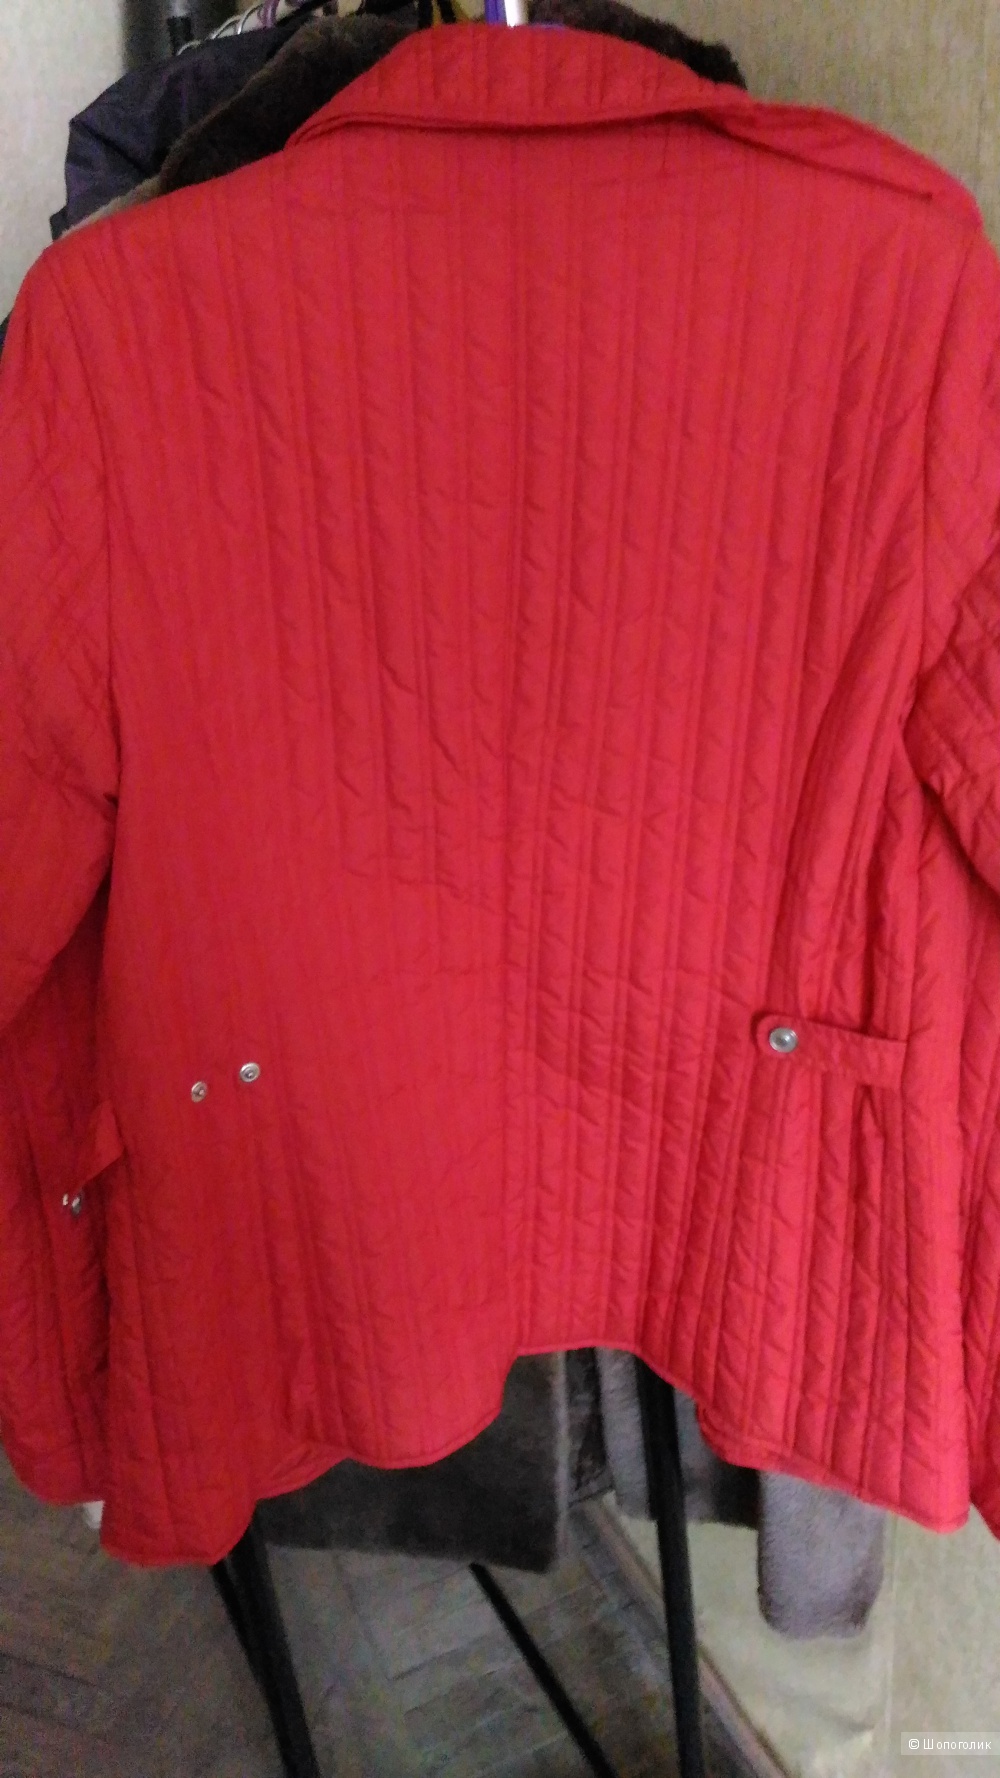 Куртка Marco Pecci, размер 38 (E)
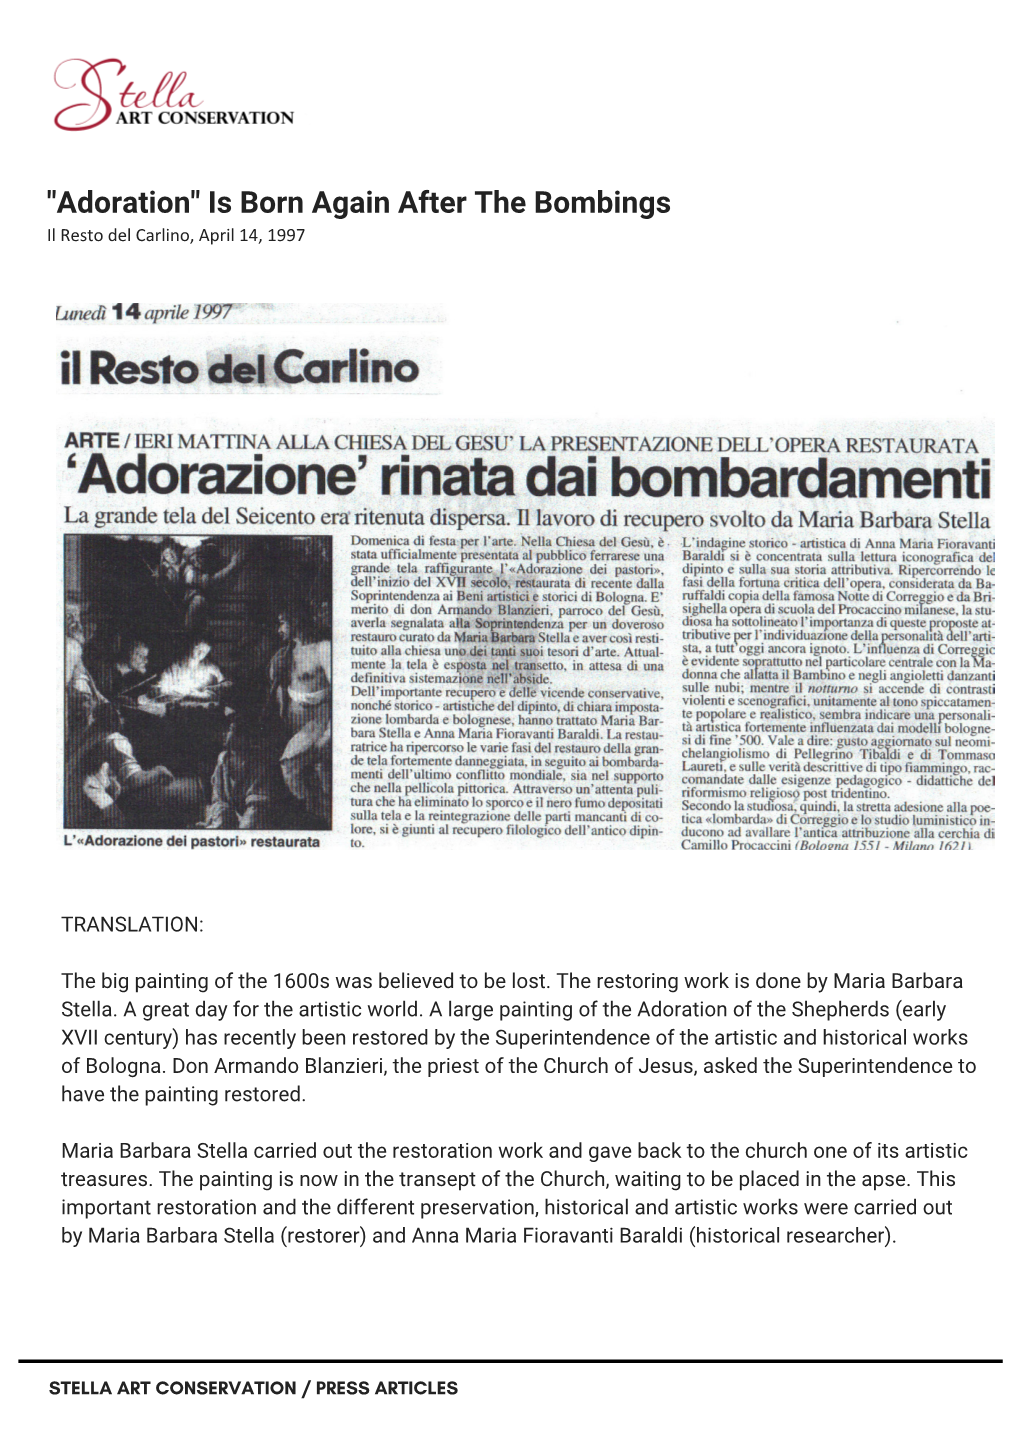 "Adoration" Is Born Again After the Bombings Il Resto Del Carlino, April 14, 1997
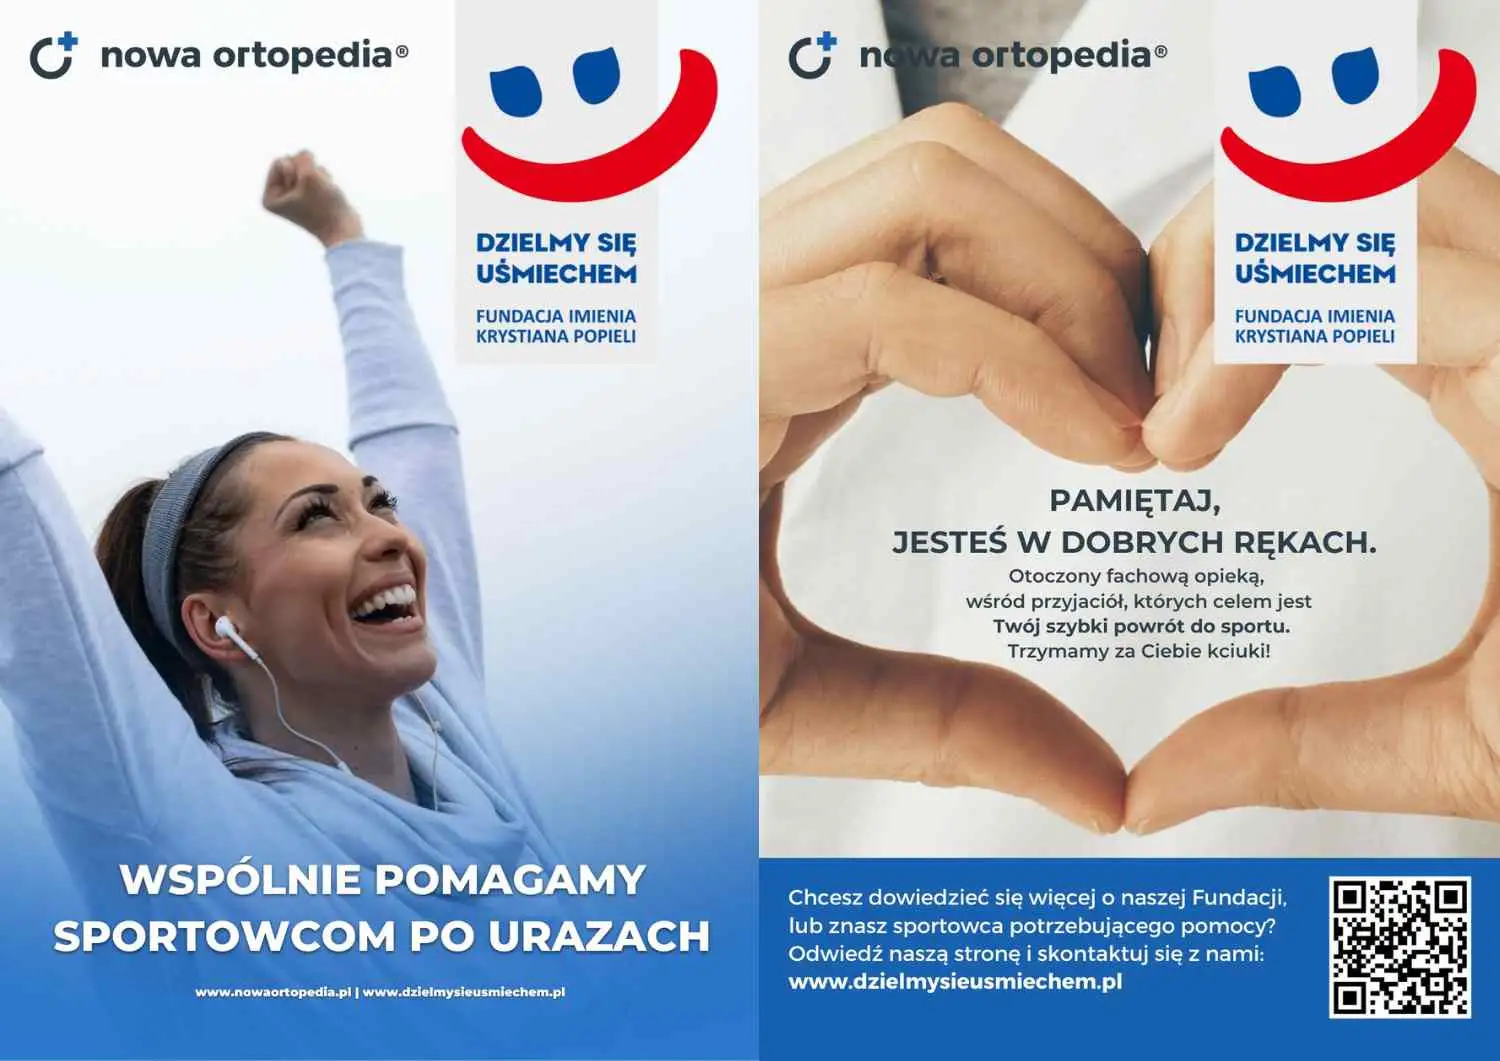  NowaOrtopedia podjęła współpracę partnerską z Fundacją Dzielmy Się Uśmiechem!

____________

■ **WHAT IS REQUIRED**: Return every line above verbatim, pictures excluded.

■ **ANSWER TO THIS EXERCISE**:
 Куртка Marco Pecci, размер 38 (E)
 "Adoration" Is Born Again After the Bombings Il Resto Del Carlino, April 14, 1997
  NowaOrtopedia podjęła współpracę partnerską z Fundacją Dzielmy Się Uśmiechem!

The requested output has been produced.